Amazon has already received millions of dollars in tax subsidies and compensation  for locating warehouses in some regions. The Governor of Maryland has offered a $5 billion package of transportation and tax breaks to the company to locate in Maryland, while Newark and New Jersey have offered a $7 billion package of subsidies.  Amazon has been adept at Seattle politics as well, when the city unanimously passed a $275 per employee tax on businesses to pay for homeless shelters and affordable housing. Amazon along with local businesses pushed back and the measure was repealed.

Apple purchased a site previously owned by Hewlett – Packard for its Apple Park spaceship headquarters.  The Cupertino city council was delighted with the plan to put 14,000 employees on the site, doubling the number of workers at the large parcel.  After the headquarters building was built the local council realized that the traffic congestion around the site and the city was going to be a major problem. The city then proposed a per employee tax to gain revenue of $10 million versus the present tax structure based on square footage would have netted only $800, 000. The proposed funding would have been allocated to buses, road widening, express lanes and other traffic flow enhancements. Apple and other businesses protested so the proposal was tabled until the 2020 election.

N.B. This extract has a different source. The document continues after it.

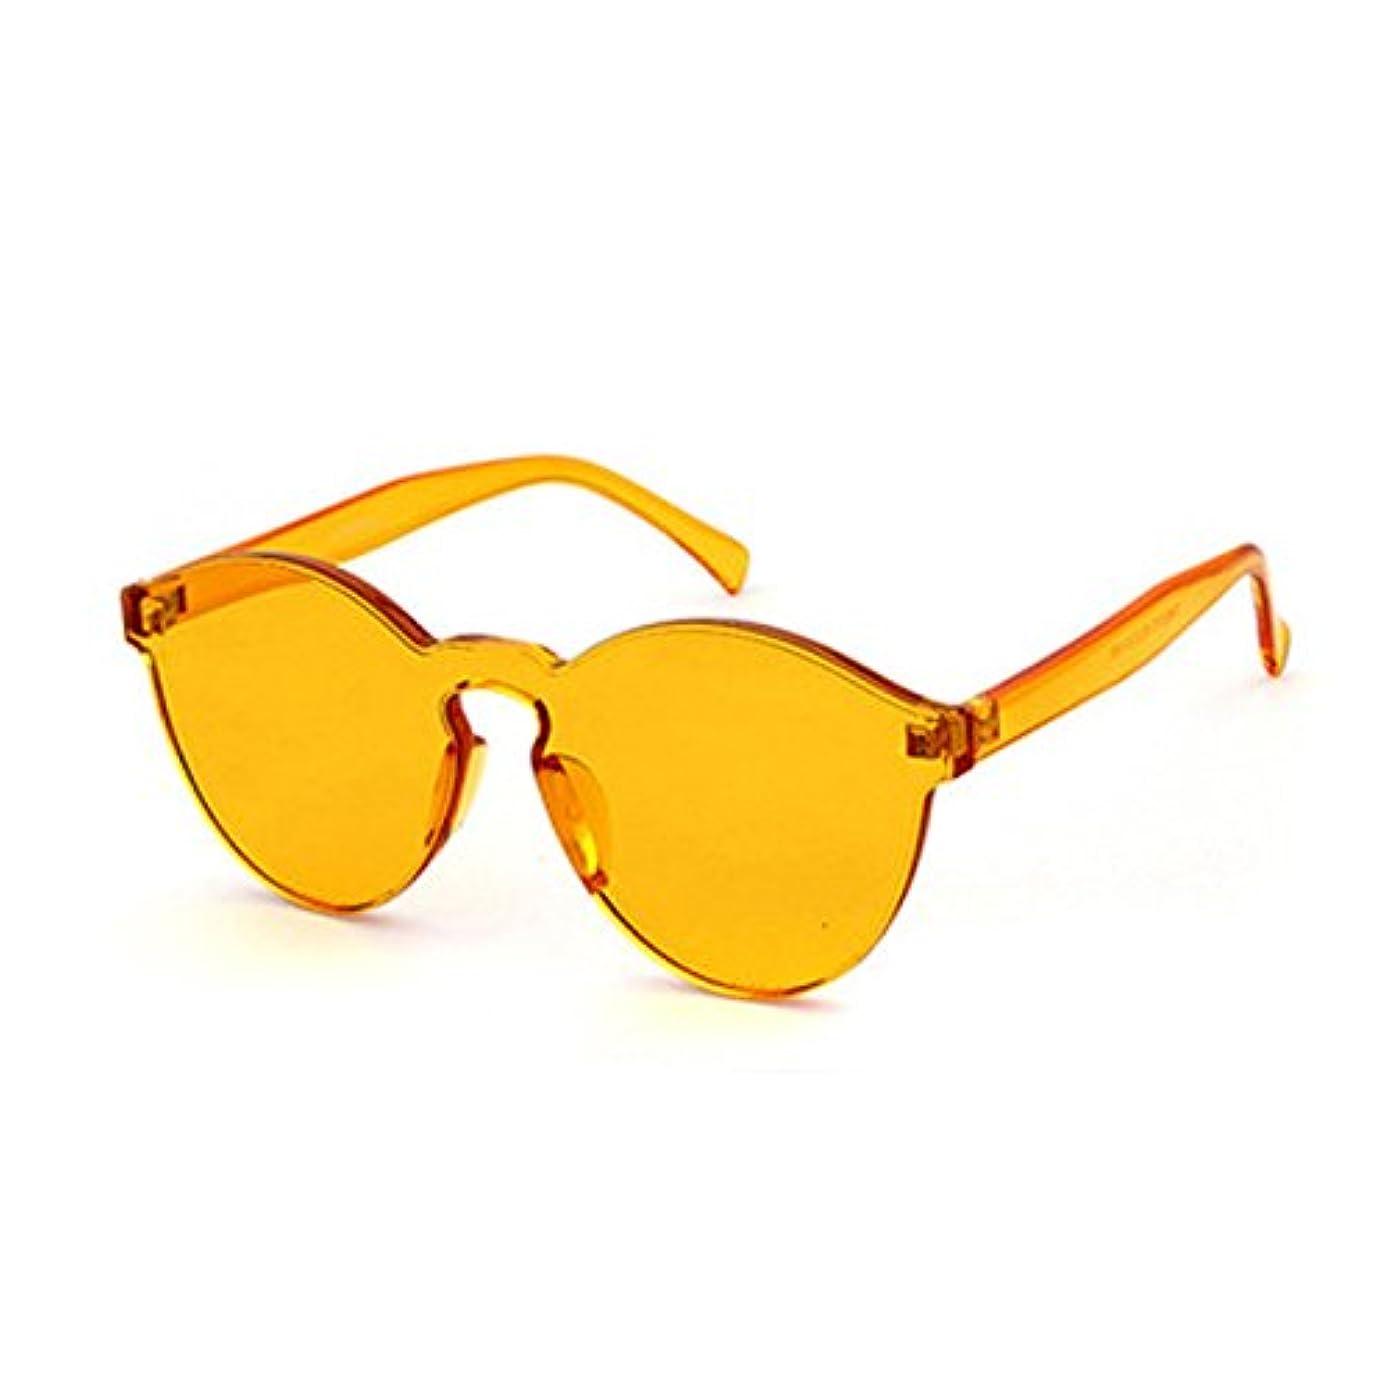 素晴らしさトロリーバス満足できるBolange 黄色 ユニセックスノーフレームレトロサングラス キャンディーカラー キャットアイ透明メガネ 写真撮影用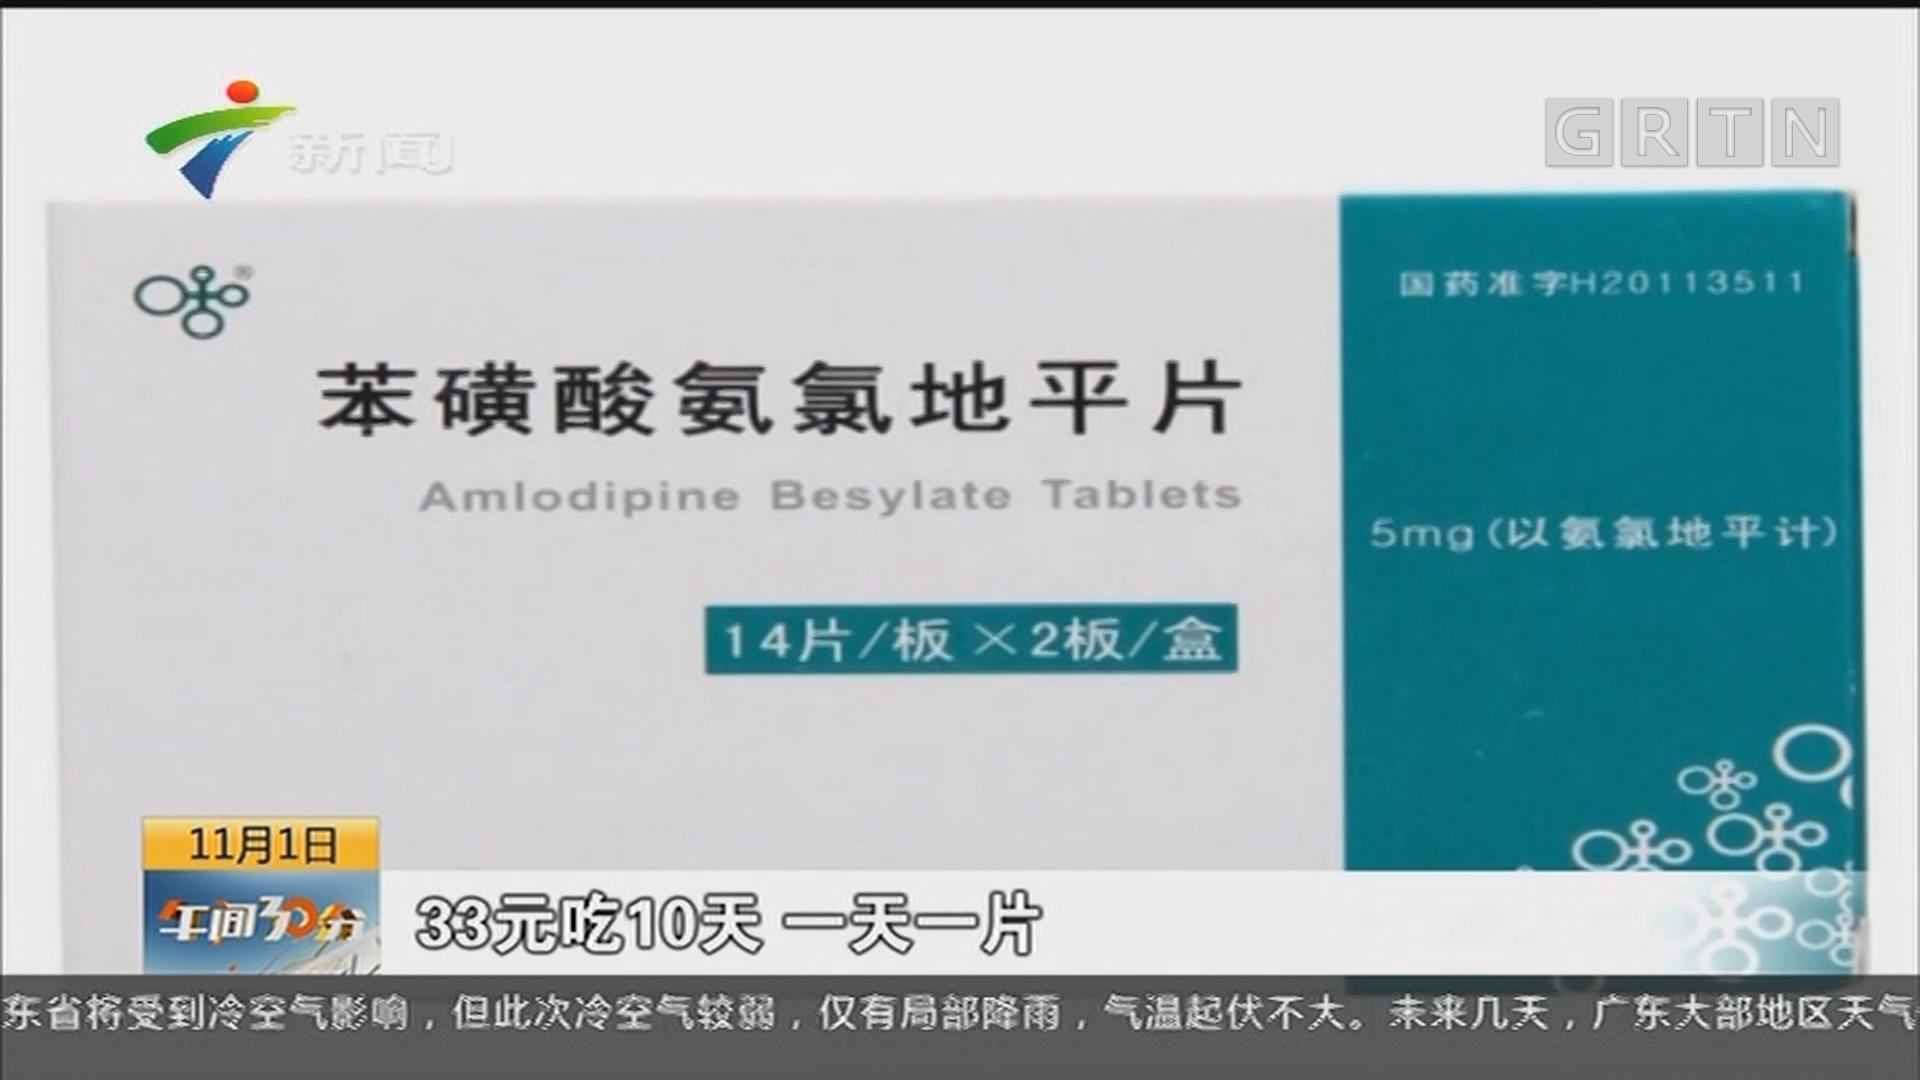 一批新规今起实施:高血压 糖尿病 两种慢性病门诊用药将有报销

Uber has gone into cities all over the country from its base in San Francisco without authorization, creating major competition to local taxi companies.  Cab companies in most cities purchase a medallion from the city at great expense, some in the hundreds of thousands of dollars to license them to provide ride services in the city.  Uber has run into opposition in some major cities like New York, where the number of cars is capped.

Google has quietly purchased hundreds of acres of land in downtown San Jose, until newspaper stories began to spot light the land purchases.  The high tech behemoth plans on deploying up to 20,000 employees around the city hub and train station.  Planning for a huge employee center near public transportation makes sense, but local businesses and housing near purchased lots are under pressure to sell to make room for the corporate plan.  Local housing groups are concerned about the availability of affordable housing and small business.

Next steps

Our concern is that major corporations, their planning departments and executives have so much power that local elected leaders have little clout to push back on building or development that may not be in the interest of the local community.  As local government struggles to gain revenues lost to an Internet based economy, and stiff opposition from local citizens to raising taxes causes local city government power to decline.

Local leaders will need to rethink their base of power in the city, seeking alliances with local businesses while building a base of economic support for city services.  Cities and states often interested in luring businesses to their local regions spending hundreds of millions of dollars in the process maybe missing the point of their charter.  Building necessary infrastructure, affordable housing, fast transportation systems, healthcare for those not covered and safe streets are their mandate from local citizens. It is a challenging time for local and state governments, yet they need to take up the mantle and assert the policies and programs they were elected to implement.  Plus, corporations need to take responsibility for their actions and how they affect building the common good of the community.